Your company probably has an occupational health and safety policy. It sits in a binder, on the intranet, or in the quality system. The question is whether it would hold up in an audit.
Vague OHS policies are common. “We aim for a good work environment.” That is not a policy. It is an aspiration. A policy must take a position: what is the company committing to, what does management promise, and how will it be followed up?
This is where ISO 45001 comes in. The standard spells out clear requirements for what an OHS policy must contain. And it forces a structure where the policy becomes something the company uses, not just something it has.
The law vs ISO 45001
The Work Environment Act1 requires employers to document their OHS work. But the law does not specify in detail what the policy must say. That is up to each company.
ISO 45001 takes the opposite approach. Clause 5.2 lists exactly which commitments must be included and how the policy should be managed. That is one of the standard’s strengths: it leaves nothing to chance.
What ISO 45001 clause 5.2 requires
An OHS policy according to ISO 45001 must include six commitments from top management:
1. Safe and healthy working conditions
The policy must state a commitment to provide safe and healthy working conditions for the prevention of work-related injury and ill health. And it must be appropriate to the organization’s purpose, size and context and to the specific nature of its OH&S risks and OH&S opportunities.
2. A framework for OHS objectives
The policy must provide the foundation for the company’s OHS objectives. The objectives break down the policy commitments into concrete, measurable outcomes. Without a policy that sets direction, objectives are hard to formulate.
3. Fulfil legal requirements and other requirements
The organization must commit to fulfil legal requirements and other requirements.

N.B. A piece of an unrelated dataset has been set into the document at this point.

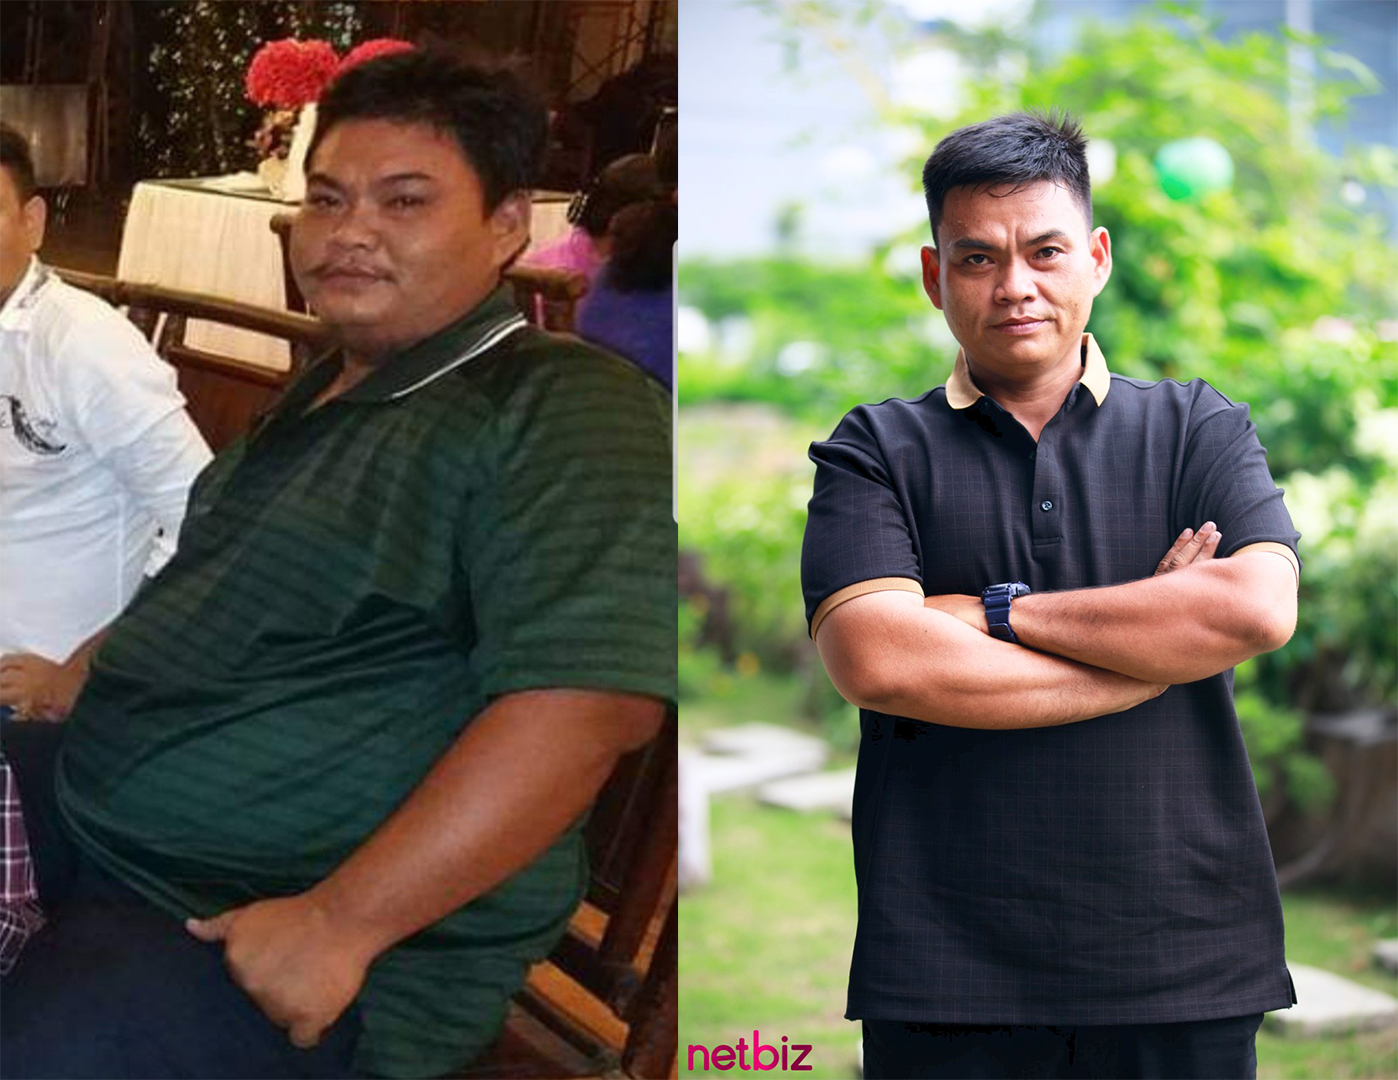 Chàng trai U40 nặng 170kg lột xác ngoạn mục sau khi giảm cân, đến show hẹn hò tìm hạnh phúc mới
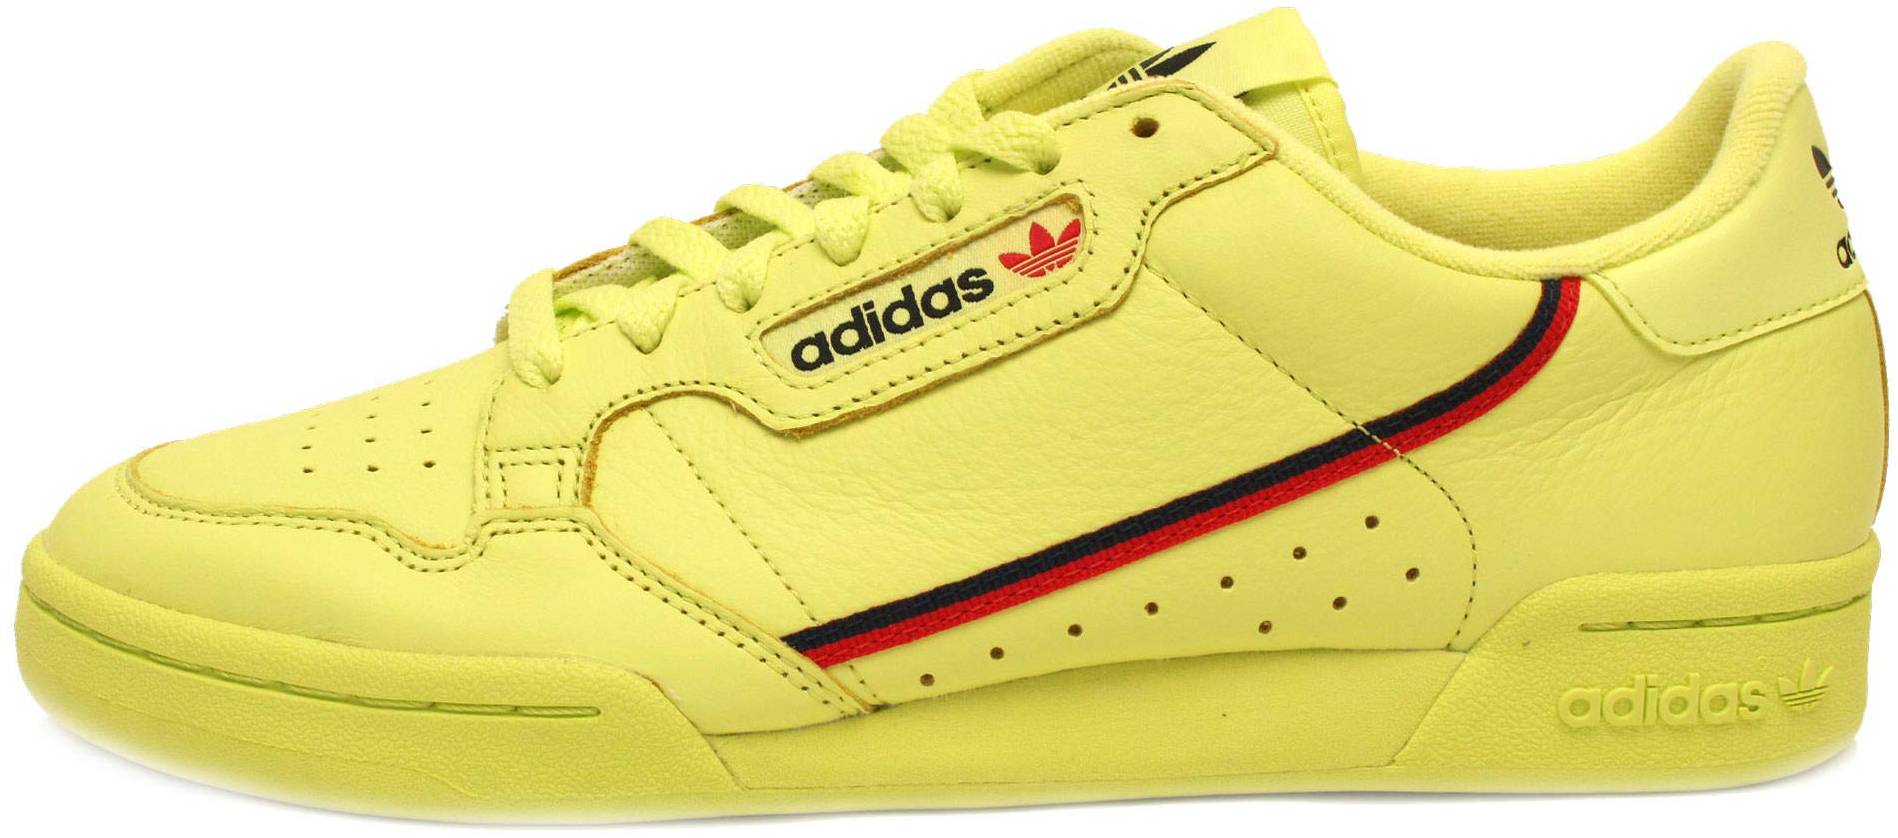 yellow shoes mens adidas

4. Eliminate hazards and reduce OH&S risks
The policy must include a commitment to eliminate hazards and reduce OH&S risks.
5. Continual improvement
The commitment to continual improvement means the organization commits to continually improve its OH&S management system over time. Status quo is not enough.
6. Consultation and participation of workers
The policy must include a commitment to consultation and participation of workers and, where they exist, workers’ representatives.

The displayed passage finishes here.